These two new characters, being added in Unicode 5.1, are interesting since they weren't really added to any of the fonts as far I could tell.

I stopped to make sure they made it in, and they did, into the Arabic Supplement block.

Yep, there they are. I'll blow them up for your convenience:

Okay, so if one were willing to ignore these little numbers above the letter, one could use these two new characters.

If fonts supported them.

Which they don't seem to be doing yet very well.

The conversation got away from me after that, and I don't think it came up in Unicode again though I'm not sure.

And now we come to the bigger problem. The one I really wanted to cover today.

Just the other day someone was talking about a bug in the Windows Fax component where it was not being mirrored under a Bidi language other than Hebrew or Arabic (a bug no one noticed since even in the three LIPs previously provided for Bidi languages -- Urdu, Pashto, Persian -- this component isn't localized). Sure enough, in true How To [NOT] detect that a locale is bidi form, the code was pretty much doing the following for its check:

BOOL IsBidi(LCID lcid) {
    return (PRIMARYLANGID(lcid) == LANG_ARABIC ||
            PRIMARYLANGID(lcid) == LANG_HEBREW)
}

Oops.

You see, the problem is that so much of Microsoft product, and of Unicode encoding, is done with the trailblazers like the Arabic language, without really taking enough time to recognize that of all of the languages that use the Arabic script, the Arabic language has the simplest requirements.
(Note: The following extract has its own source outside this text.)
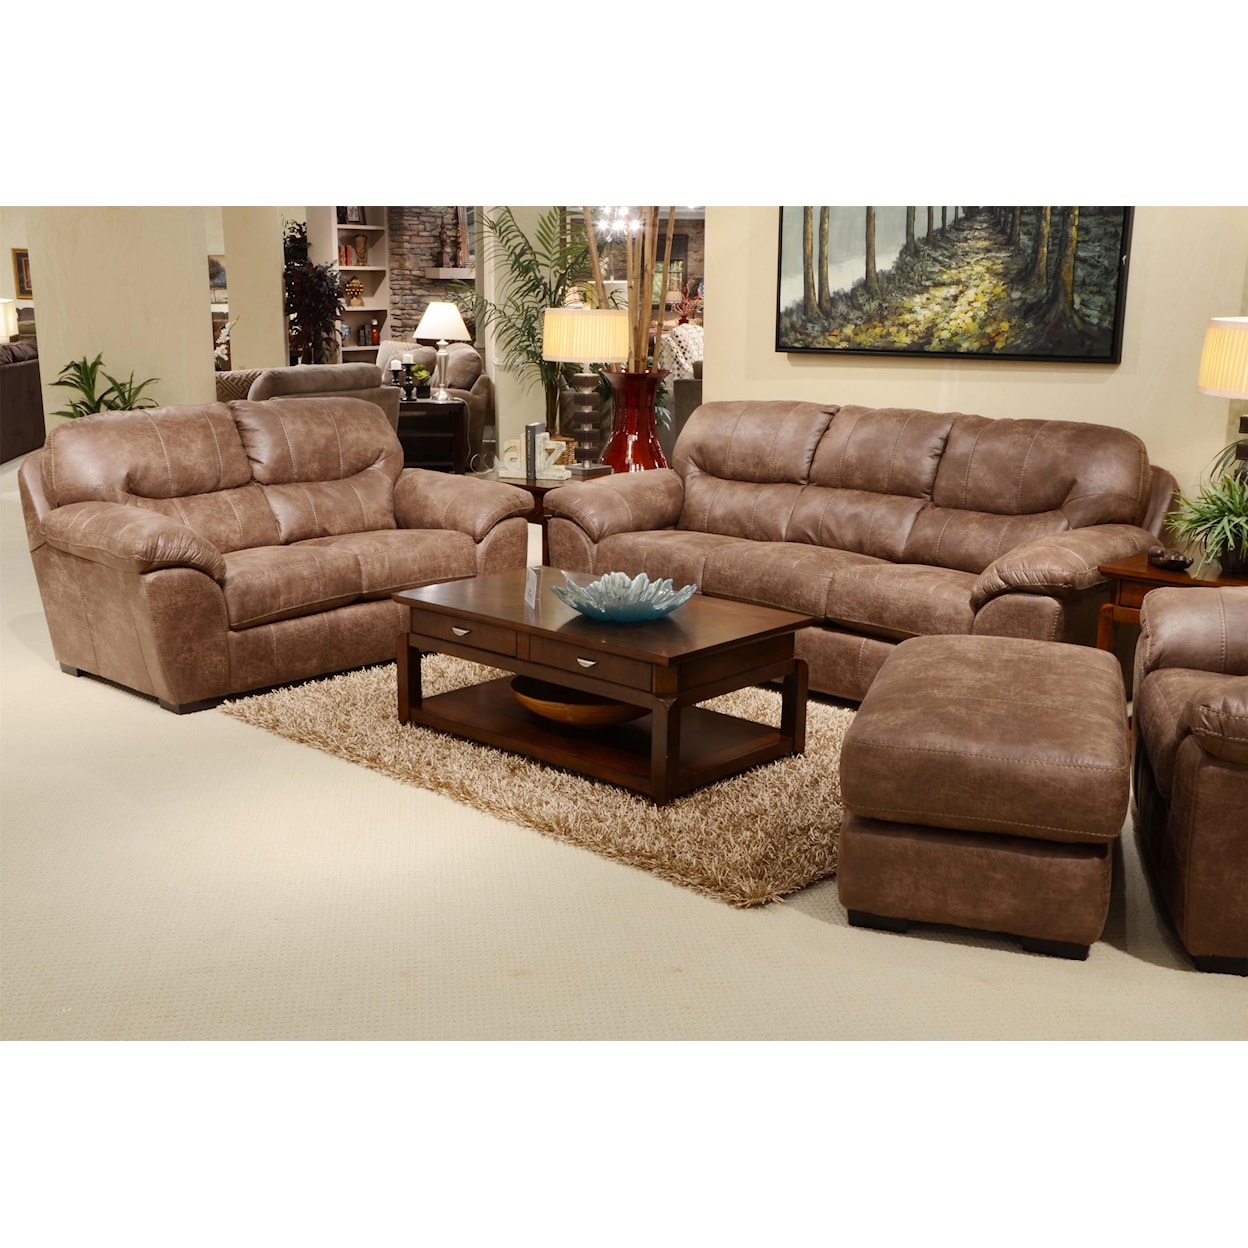 Carolina Furniture 4453 Grant Sofa
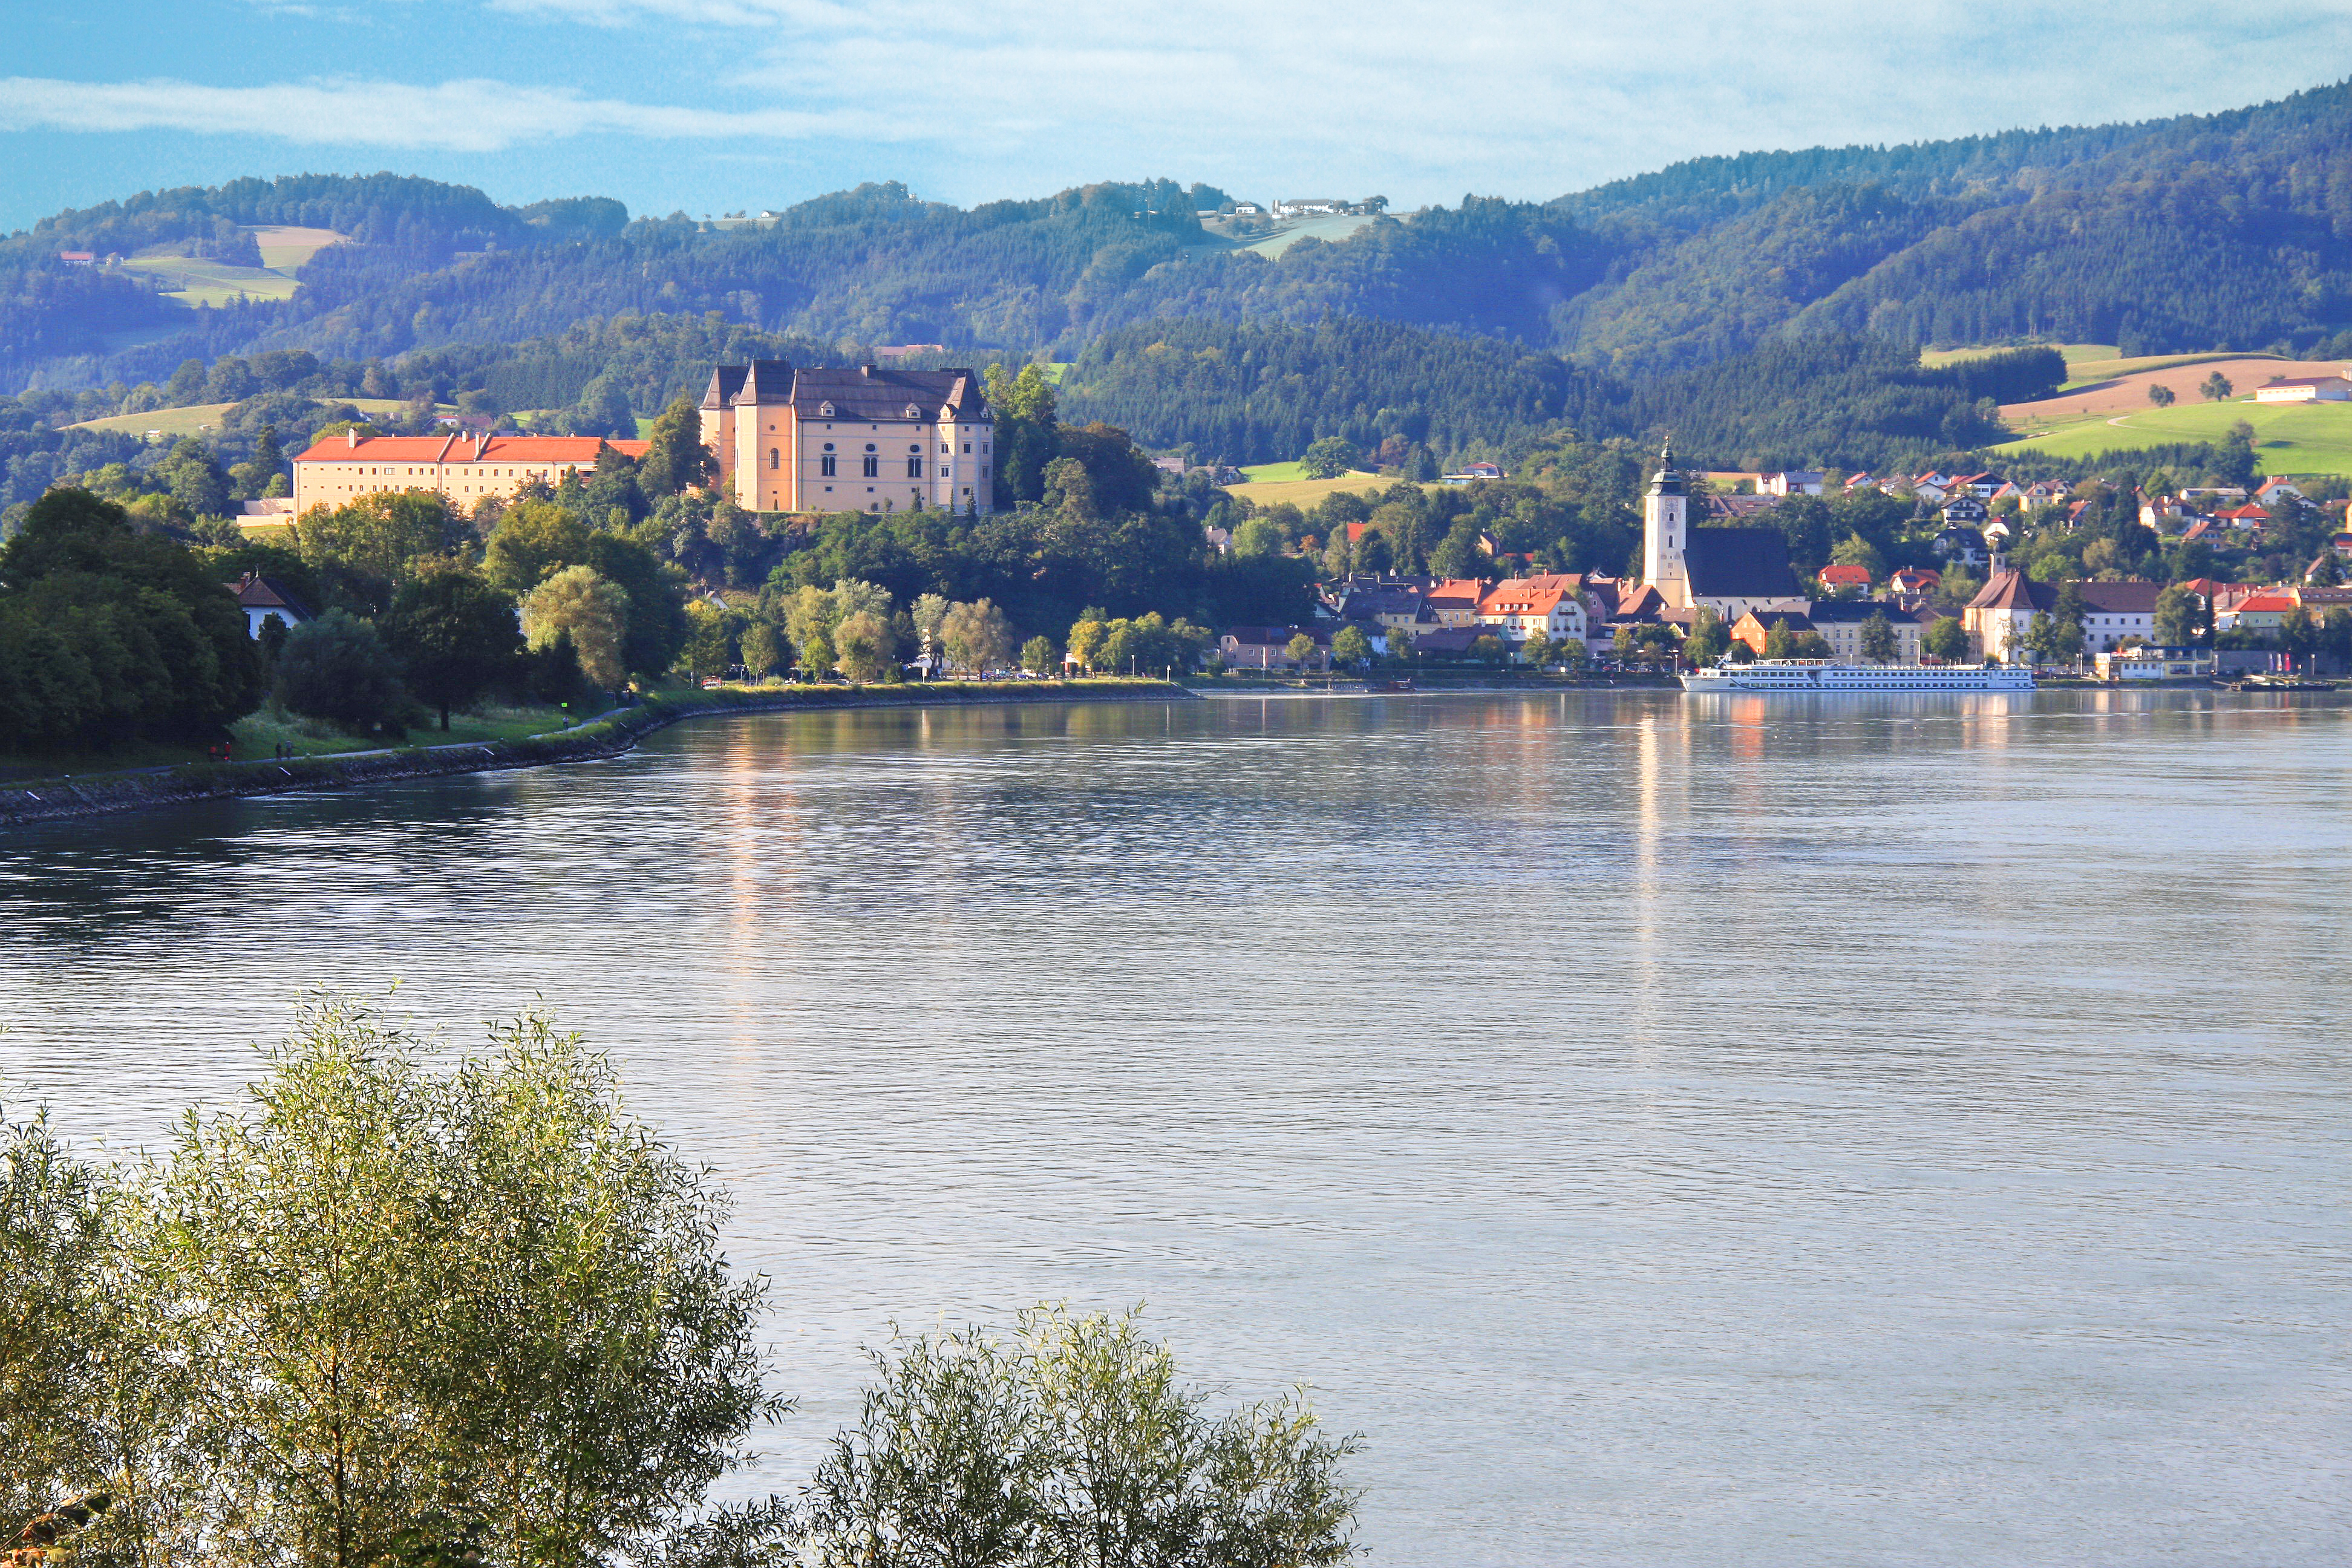 MS Primadonna Flusskreuzfahrt von Passau bis zum Eisernen Tor für 2 Personen

And all of these "can't ever change" properties in Unicode were assigned before the full measure of the various things people were doing with other Arabic script language was grokked (though much of it was in Daniels and Bright already, it appears not all of it was).

When you imagine the number of cases like the BARREE YEH in Urdu and Kashmiri (which aren't getting their letter) and the number of random one that are (some of which will get the correct joining behavior even  if their original analogues do not), it makes approaching the whole block frustrating for the myriad of people who just want their language to work.

One could argue that some of the fault lies with the other languages added earlier, like Urdu, where the people pushing the inclusion lacked the full understanding of the consequence of these properties, but that is just an unconvincing strawman position.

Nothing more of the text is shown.